I performed a comprehensive data analysis of the best-selling books dataset (a dataset from Kaggle) to extract meaningful insights and inform data-driven decisions. Sharing insights derived from the data analysis:
Tools used:
- Jupyter Notebook (Code and Markdown)
- Draw.io (To create flowchart)
- Data cleaning: Performed data cleaning, handling missing values, and addressing data anomalies to prepare the dataset for analysis.
- Exploratory Data Analysis (EDA):
- Performed preliminary data analysis to discover valuable information regarding book sales patterns.
- Used data visualization methods to identify essential attributes, including book title, author, genre, publication year, and metrics related to sales.
- Top-selling authors : Identified the authors with the highest number of best-selling books. J.K.Rowling emerged as the top-selling author with 500 million sales of his books.

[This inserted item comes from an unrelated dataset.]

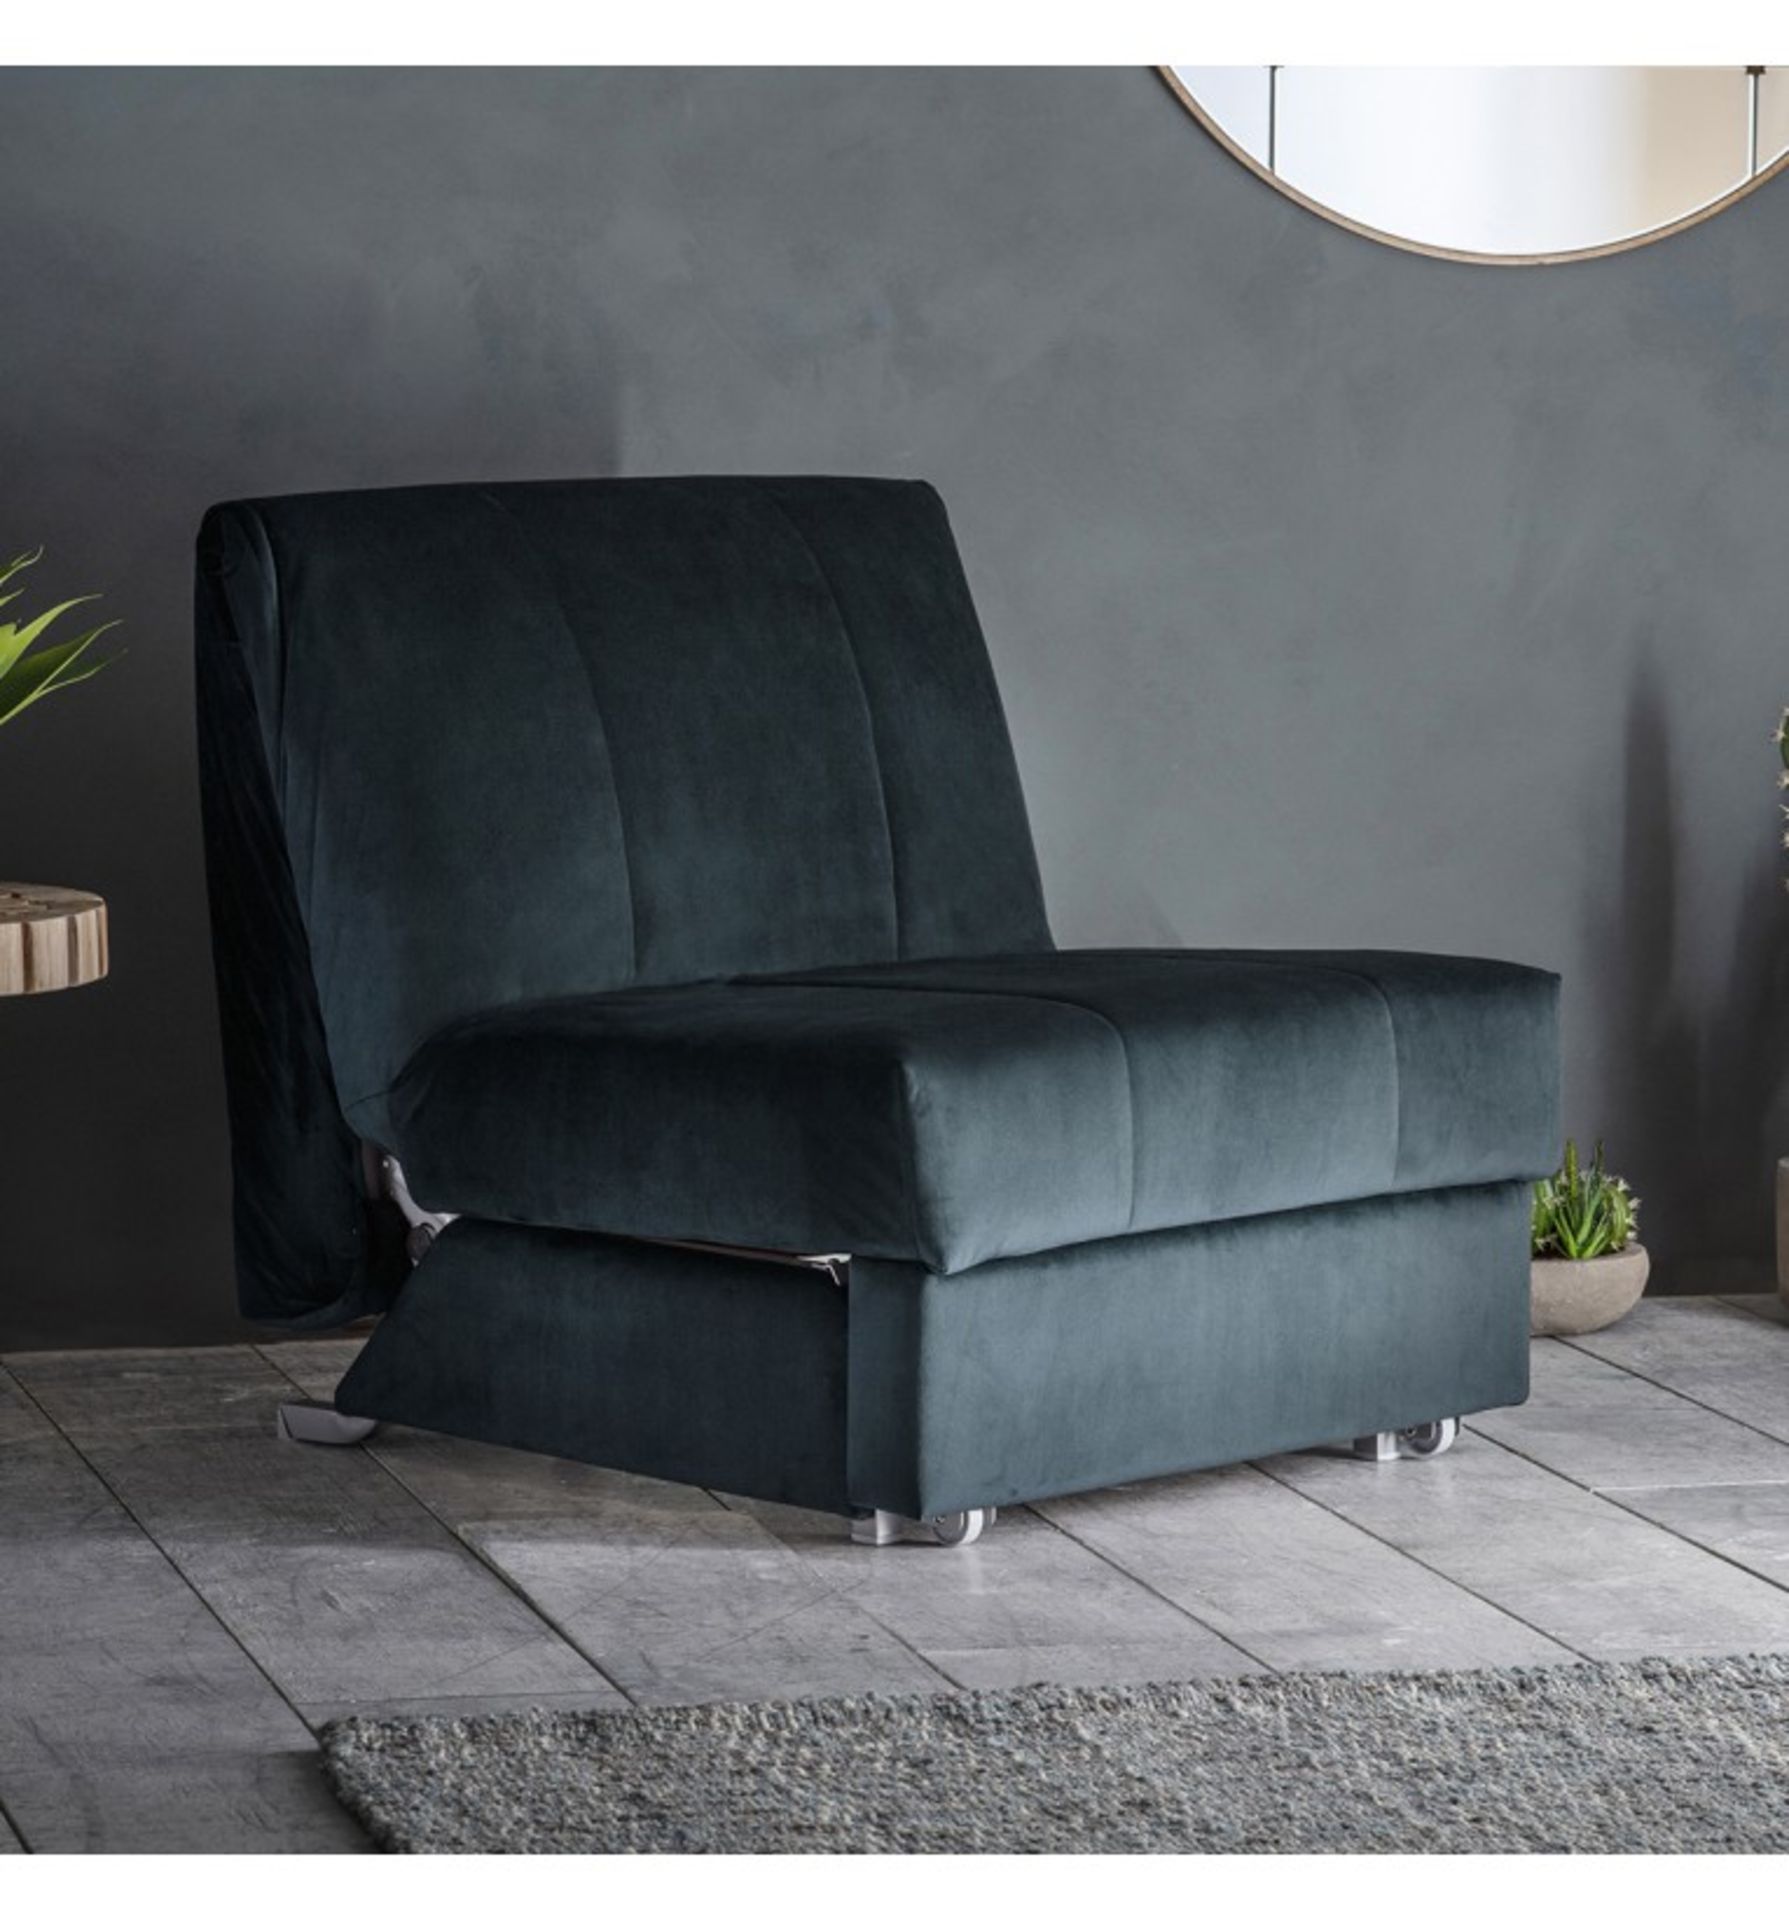 Metz Sofa 80cm Rinaldi Pewter Upholstered The Metz collection is ideal even for smaller spaces,

- Top-selling books: Identified the books with the most extensive record of best-sellers. "A Tale of Two Cities" stood out as the top performer, boasting 200 million in sales.

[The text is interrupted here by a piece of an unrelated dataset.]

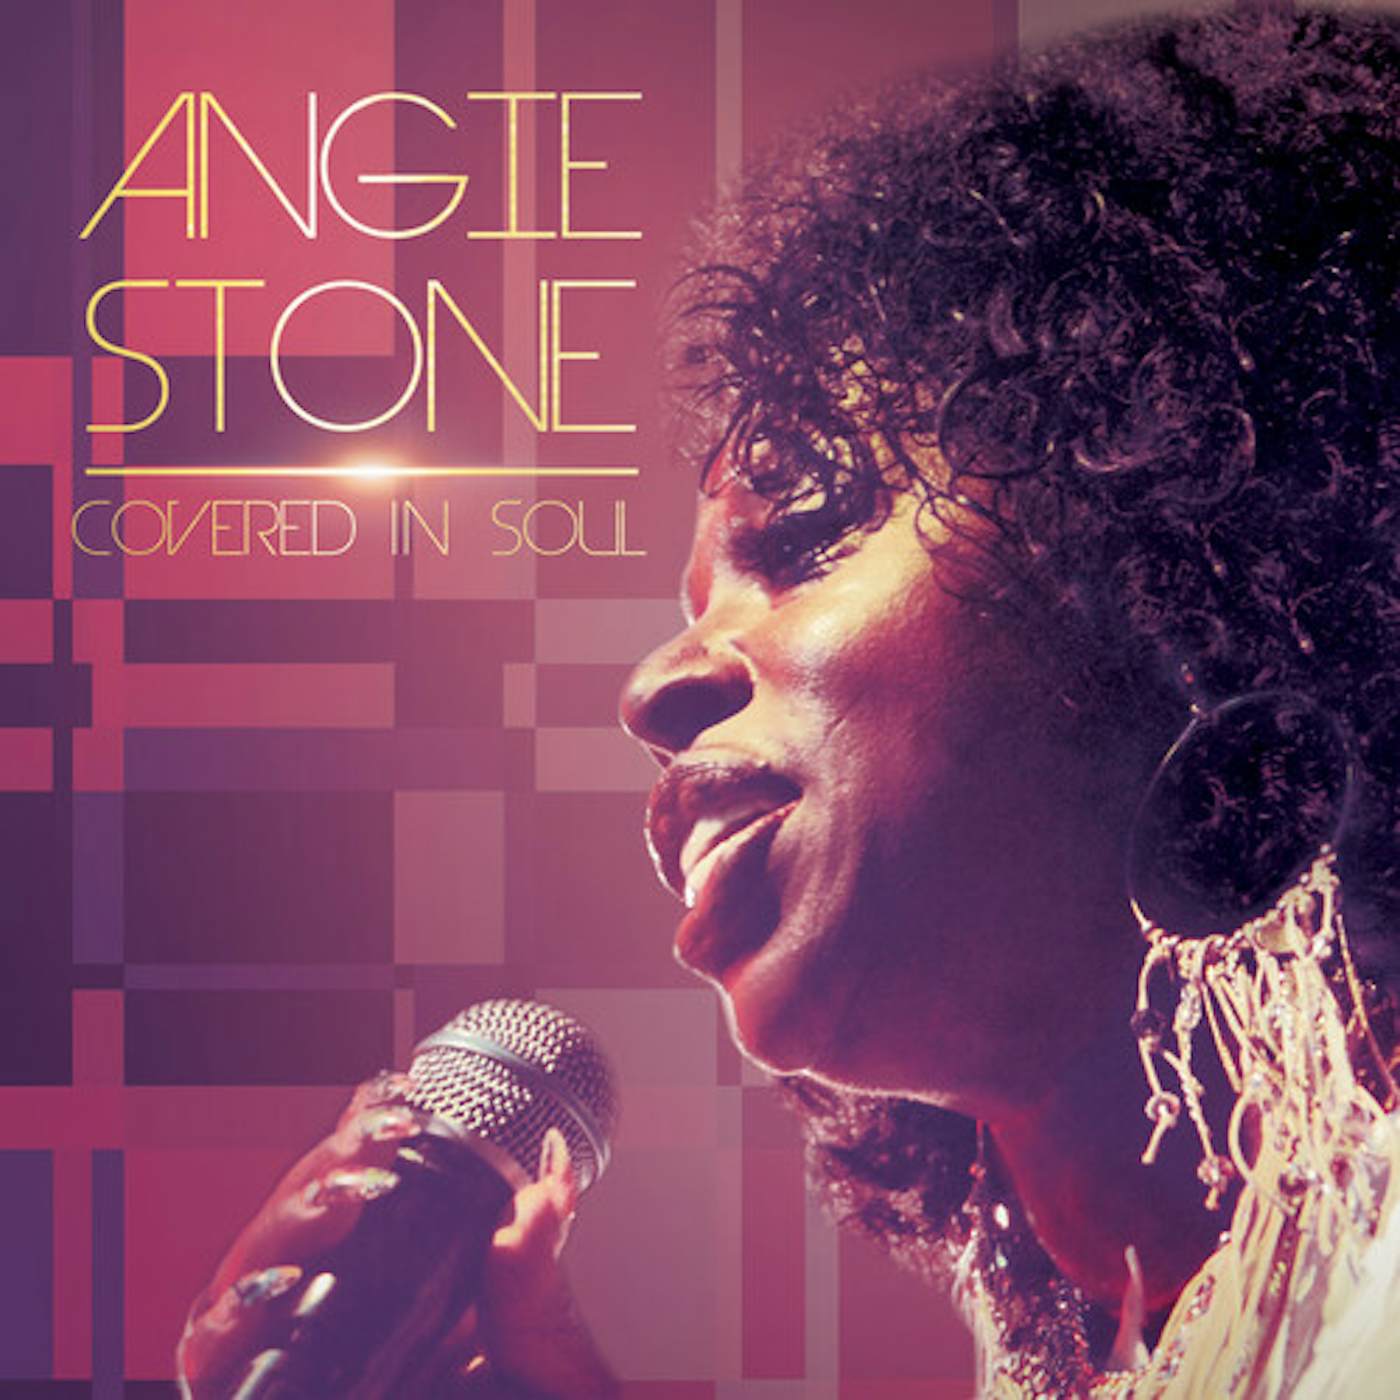 Angie Stone Covered In Soul - Purple Vinyl Record

- Genre Analysis: Determined which genre performs better in terms of sales. The Fantasy genre outperforms other genres in terms of sales.
- Sales distribution by language: Investigated the distribution of sales in percentage by language. The books categorized under the English language consistently achieve the highest sales figures.
- Sales Analysis: Explored the metrics related to sales, such as total sales by book and genre.
- Correlation Analysis: Examined correlations between Sales and Year. The approximate sales range falls between 22 and 50 million units. Sales remained consistently high from 1950 to 2000.
- Visualization: Used data visualization techniques, such as bar charts, histograms, scatter plots, and pie charts, to present findings effectively.
I used the following Python functions and features for data analysis:
- Pandas: For data manipulation and cleaning. The key functions include
read_csv
(for loading the dataset),head
(for viewing the first few rows), and functions for filtering, aggregating, and transforming data. - NumPy: For calculations and statistical analysis of the data.
- Matplotlib and Seaborn: For data visualization. Created various types of plots, such as bar charts, histograms, scatter plots, pie charts, and line charts to visualize trends and patterns in the data.
- Regular Expressions (re module): For removing multiple random characters from book titles.
- Apply Functions (Pandas): For applying custom functions to the Book column.
- GroupBy (Pandas): For aggregating and summarizing data, such as finding the total sales per genre or author.
I used technical writing principles to document data analysis steps and explain the project workflow.
- Code documentation: Explained the Python code so that others can reproduce and use the code when creating a data-analysis project. I included comments at relevant points within the code to clarify the rationale behind the logic.